By Barb Hauge
Recently we enjoyed our Spring Music Concert at Turner School. Our Music/Art teacher is a large lady with a heart to match. She opened the concert by saying that, after following the news of the massacre at Littleton School in Colorado and seeing the pitiful plight of Kosovo refugee children, she knew we are all reminded how precious children are and will be giving our children hugs and love.
Ms. Deborah Bosch has been a special treasure in our community for a number of years now. She has a deep, sympathetic understanding for children and knows how to use art and music to help them express their feelings and frustrations; she brings out the creativity of their hearts and souls.
Her final concert with our kids left us clapping and stomping to the beat of Turners guitar ensemble playing Texas Rock and Stevies Blues. Because so many farm and ranch families have left the land, our school is kept alive with eight foreign high school students this year plus children who are bussed out from the Harlem school. As a result we have a wide variety of talent.
The younger performers did Carmino Ravosas A Mud Puddle Jumped On Me and Frog and Toad Together plus Woody Guthries Mail Myself To You an African American folk song Chicka Hanka. Young boys in cowboy hats performed the cowboy song Pickup Man aided by three girls. We enjoyed Little Pigs Jive and Yankee Doodle Dandy and the kids did too. They were performing with a real sense of joy. There were piano and vocal numbers and of course, the band. Michi from Germany played selections by Ludwig von Beethoven and Robert Schumann.
Ms. Bosch or Deb came to our community with a broken heart. Her heart has since healed. She has subbed as minister in our church and recently decided to go into the ministry full time. We are loosing a treasure and Debs church will benefit greatly.
In the worst way, Littleton, Colo., has lost its treasure too in the deaths of their children and our hearts go out to all of the bereaved. I personally am an advocate of The Little Red Schoolhouse, though any I attended were never painted red. I remember what a jolt it was to go from country to town school where at first I felt like a nonentity; lost in the big building with so many confusing rooms and lockers with combinations you must remember or you could never get the books for your next class and would be tardy and lose grade points. The larger the school the more it is structured and the more rules one must obey. Even your bladder is closely monitored and you need a P slip to go to the toilet. I can only imagine how demeaning it must be to be subjected to metal detectors, urine tests and even strip searches.

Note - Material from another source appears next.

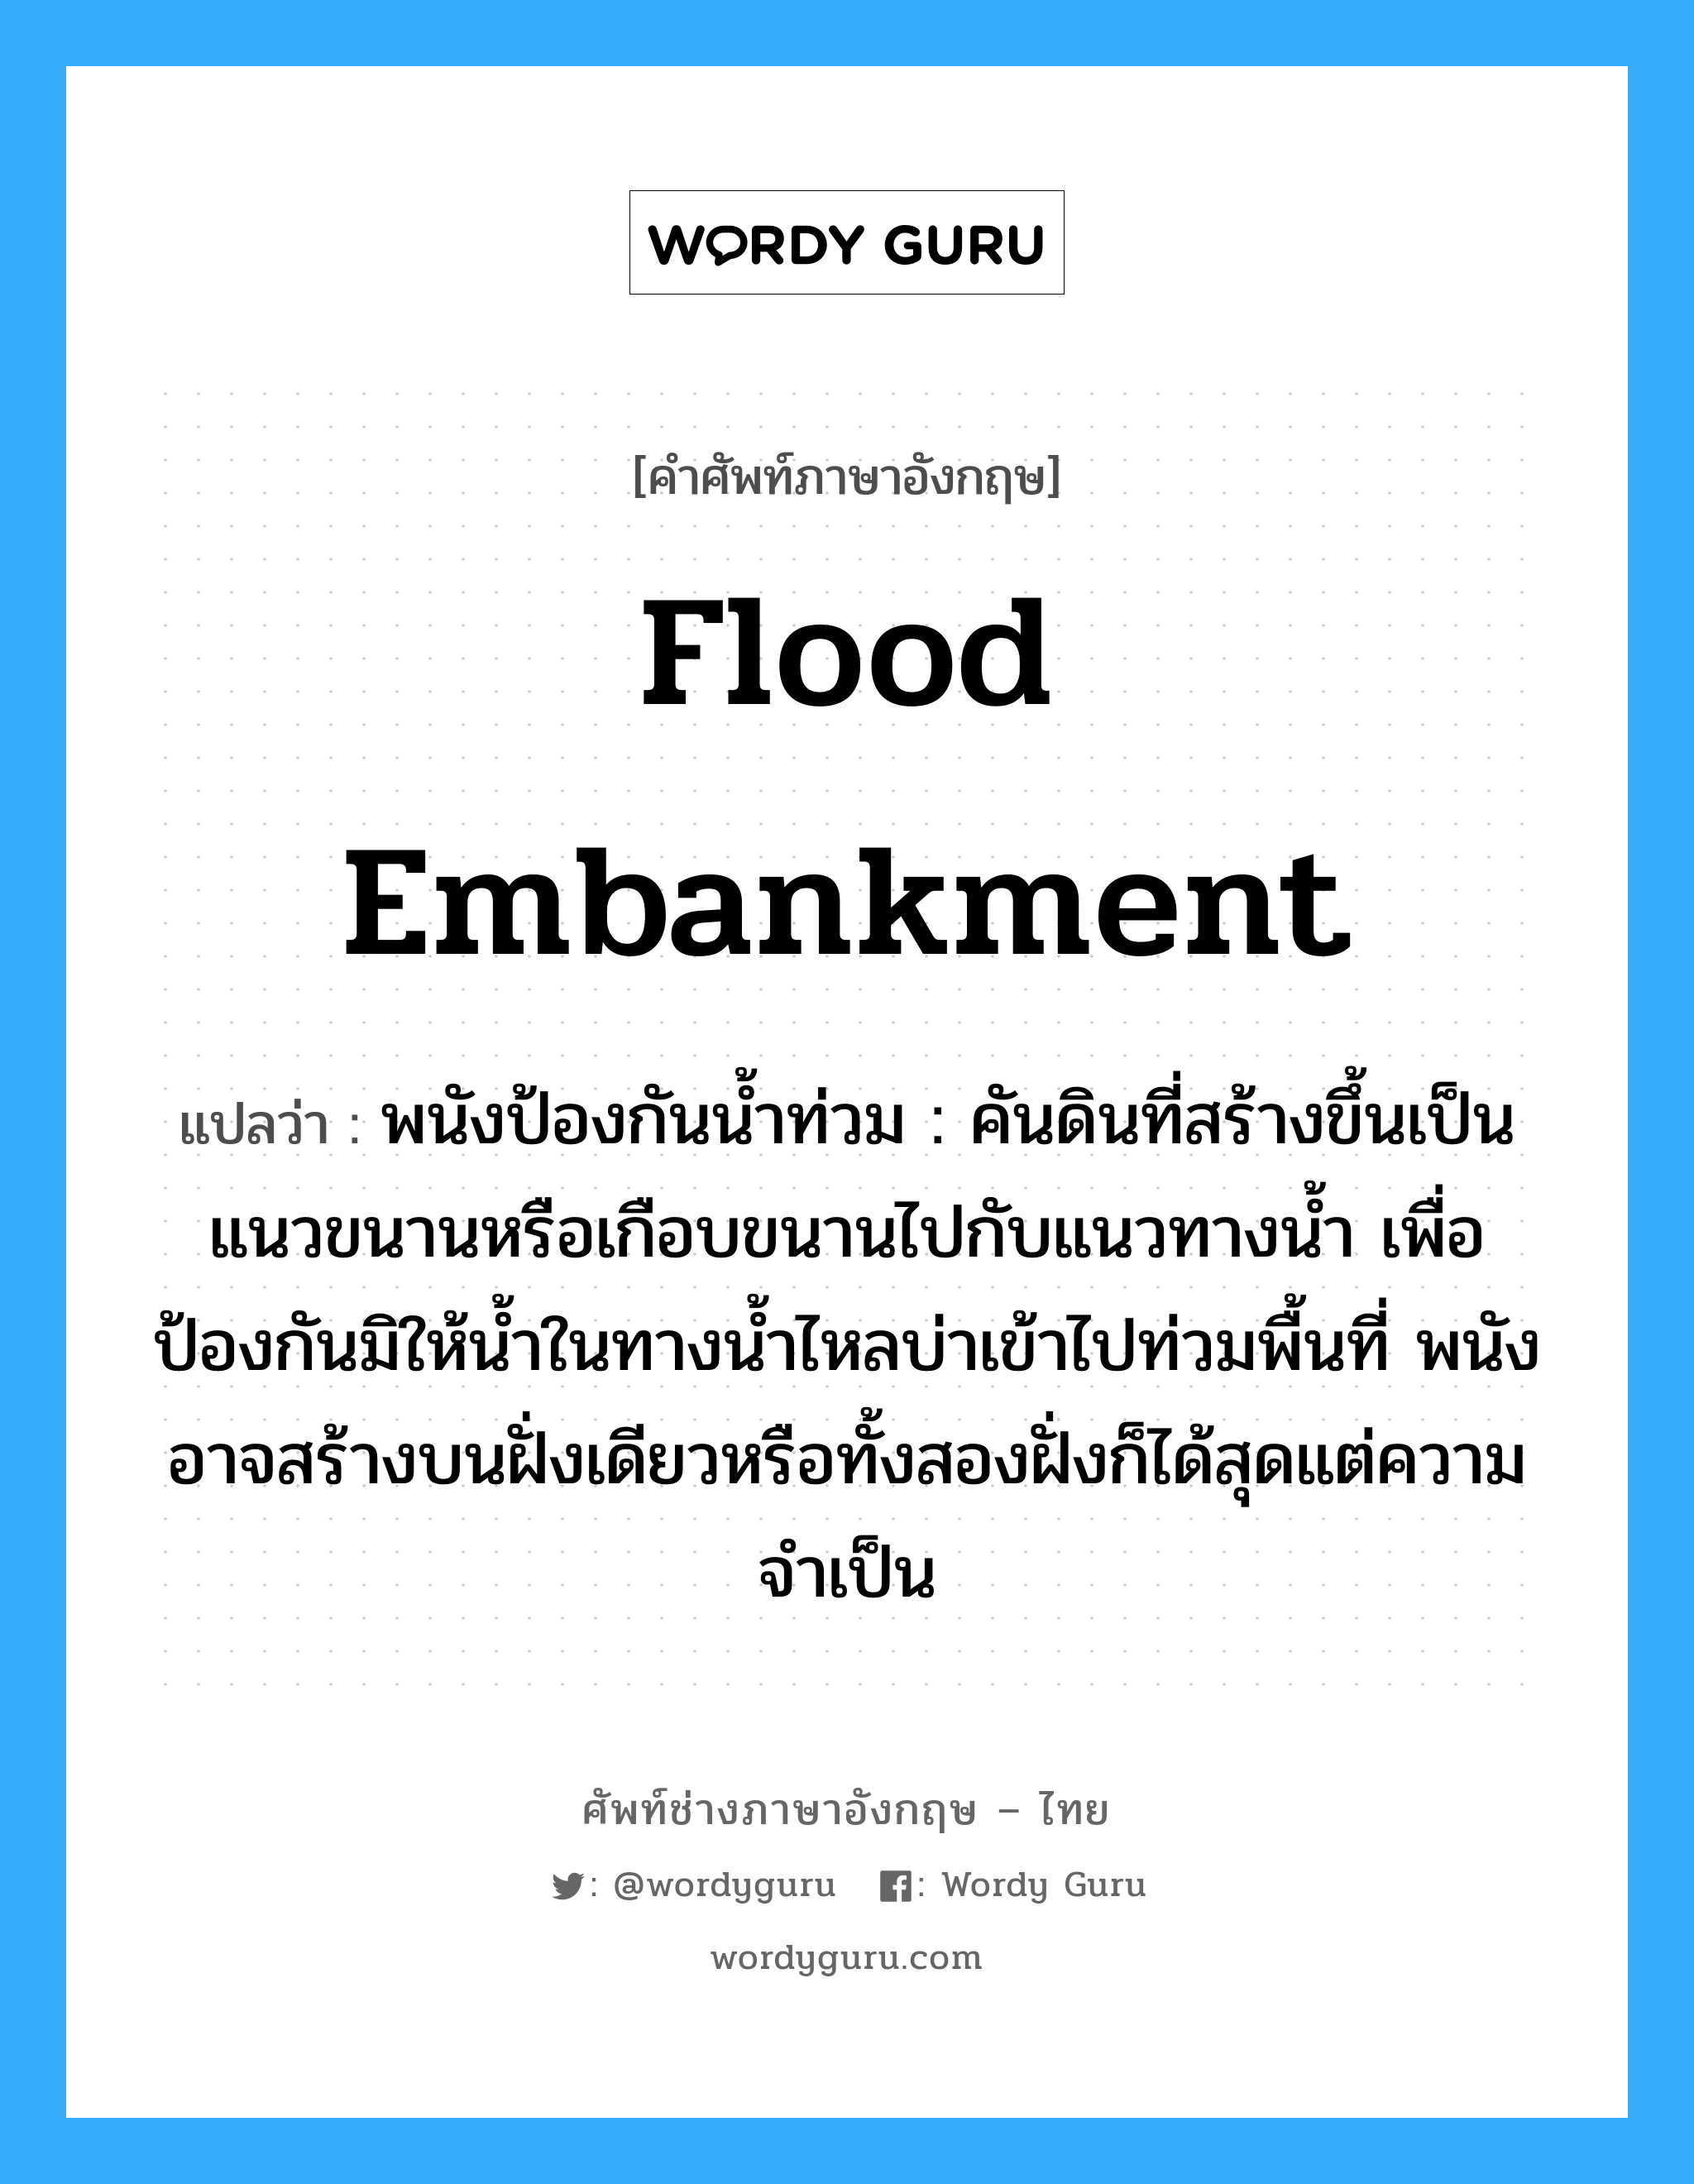 flood embankment แปลว่า?, คำศัพท์ช่างภาษาอังกฤษ - ไทย flood embankment คำศัพท์ภาษาอังกฤษ flood embankment แปลว่า พนังป้องกันน้ำท่วม : คันดินที่สร้างขึ้นเป็นแนวขนานหรือเกือบขนานไปกับแนวทางน้ำ เพื่อป้องกันมิให้น้ำในทางน้ำไหลบ่าเข้าไปท่วมพื้นที่ พนังอาจสร้างบนฝั่งเดียวหรือทั้งสองฝั่งก็ได้สุดแต่ความจำเป็น

When the American West was settled every section of land had a school section. Perhaps may of our schools have become too large and are just impersonal institutions. We need to break them down with smaller schools serving each community (even within cities) where parents are involved and teachers can be hands-on educators who personally know and are a guiding light and a special treasure to each and every child.